======== Dataset extract ========

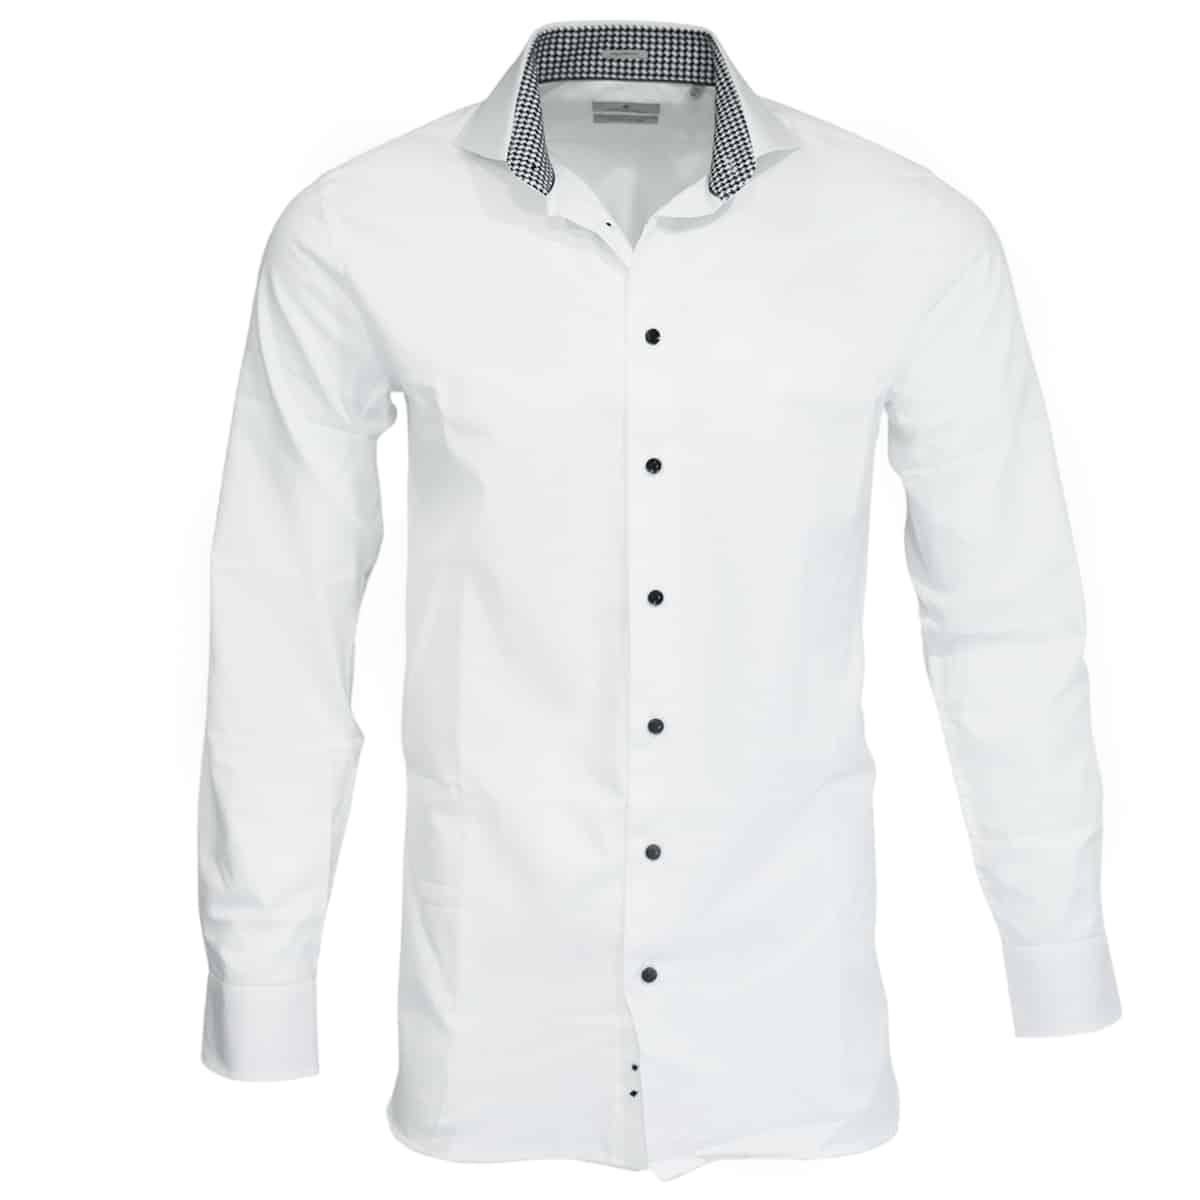 Thomas Maine white shirt check collar1
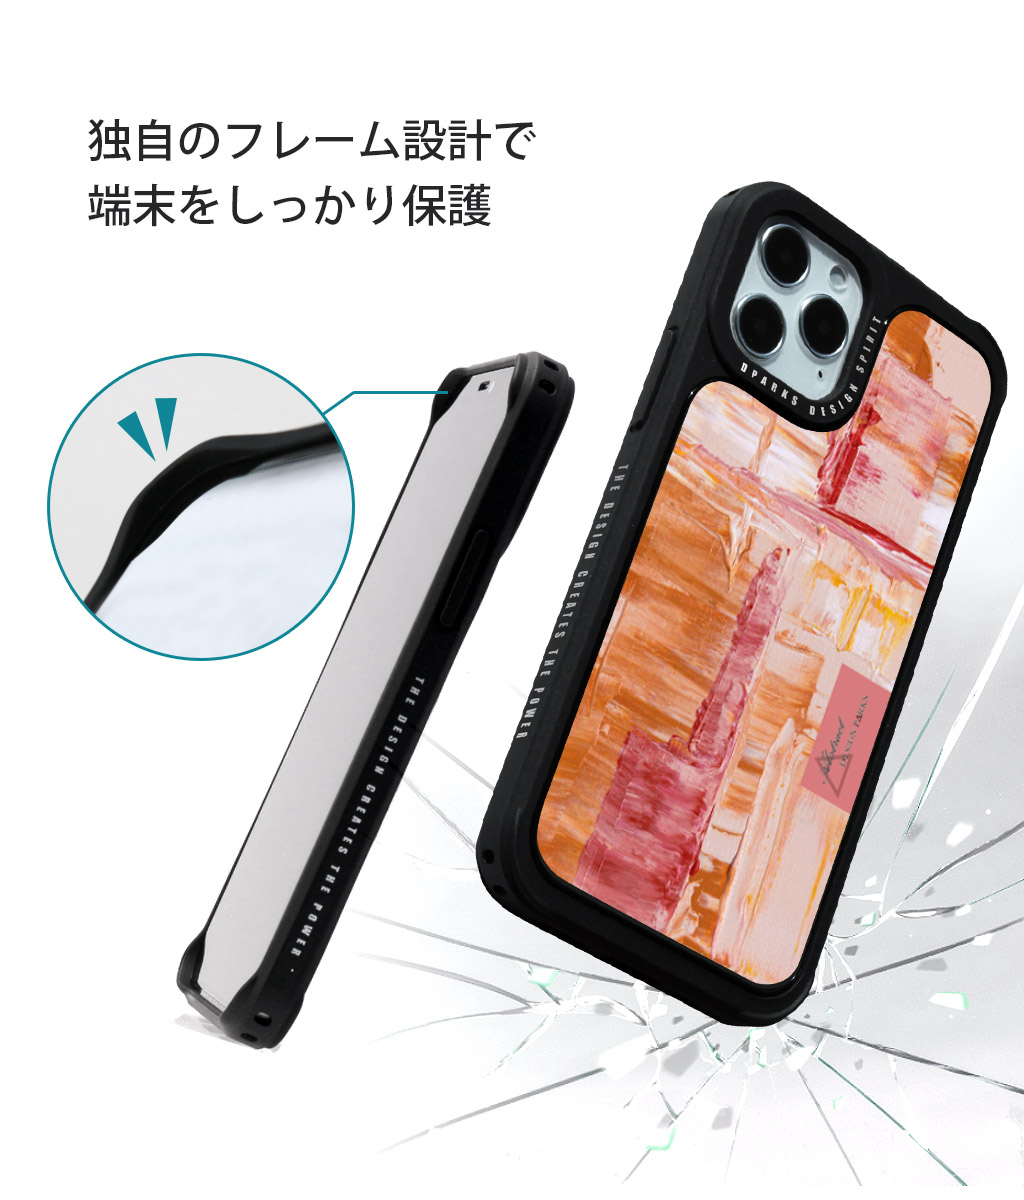 【楽天市場】アイフォン 12 ケース mini 耐衝撃 ハードケース Dparks BLACK COVER ペインティングiphone 12 pro  カバー iphone 12 mini ケース 可愛い 背面 かわいい ハードカバー ブラック ペイント 油絵 韓国 おもしろ ブランド アウトドア:  
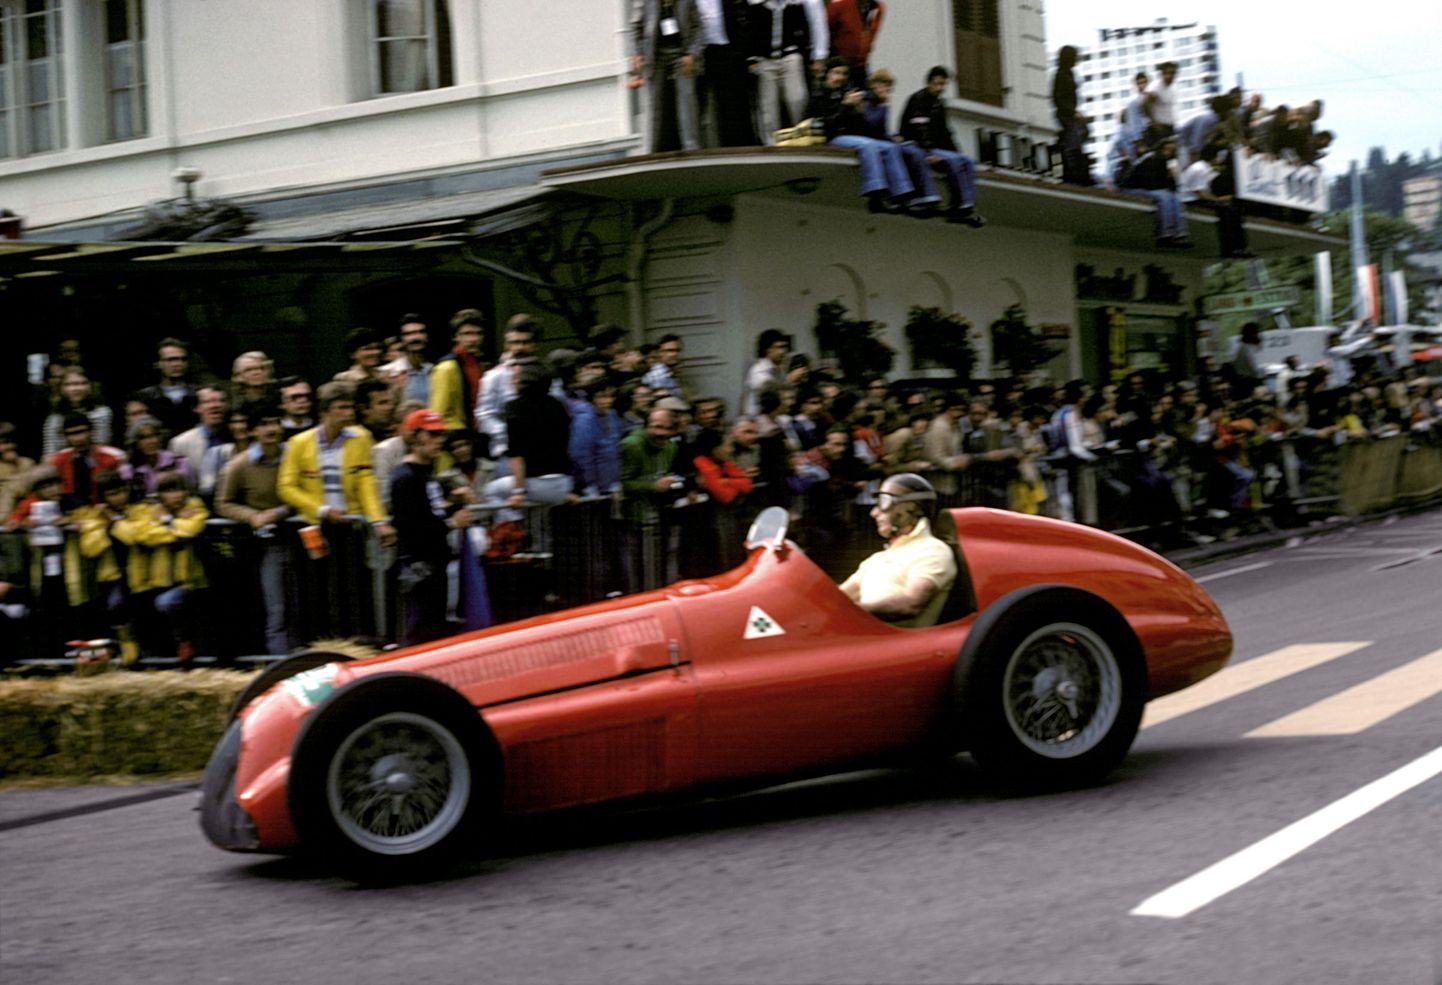 Viiekordne maailmameister Juan Manuel Fangio keerab 1976. aastal demonstratsioonsõidul oma legendaarse Alfa Romeo 158 rooli.

========

> _Assigned task_: Every line from the one containing "12 ケース mini" through the last line of the data, both included, is to be repeated exactly; the pictures are to be left out.

> _Your response_:
 【楽天市場】アイフォン 12 ケース mini 耐衝撃 ハードケース Dparks BLACK COVER ペインティングiphone 12 pro  カバー iphone 12 mini ケース 可愛い 背面 かわいい ハードカバー ブラック ペイント 油絵 韓国 おもしろ ブランド アウトドア:  
 Viiekordne maailmameister Juan Manuel Fangio keerab 1976. aastal demonstratsioonsõidul oma legendaarse Alfa Romeo 158 rooli.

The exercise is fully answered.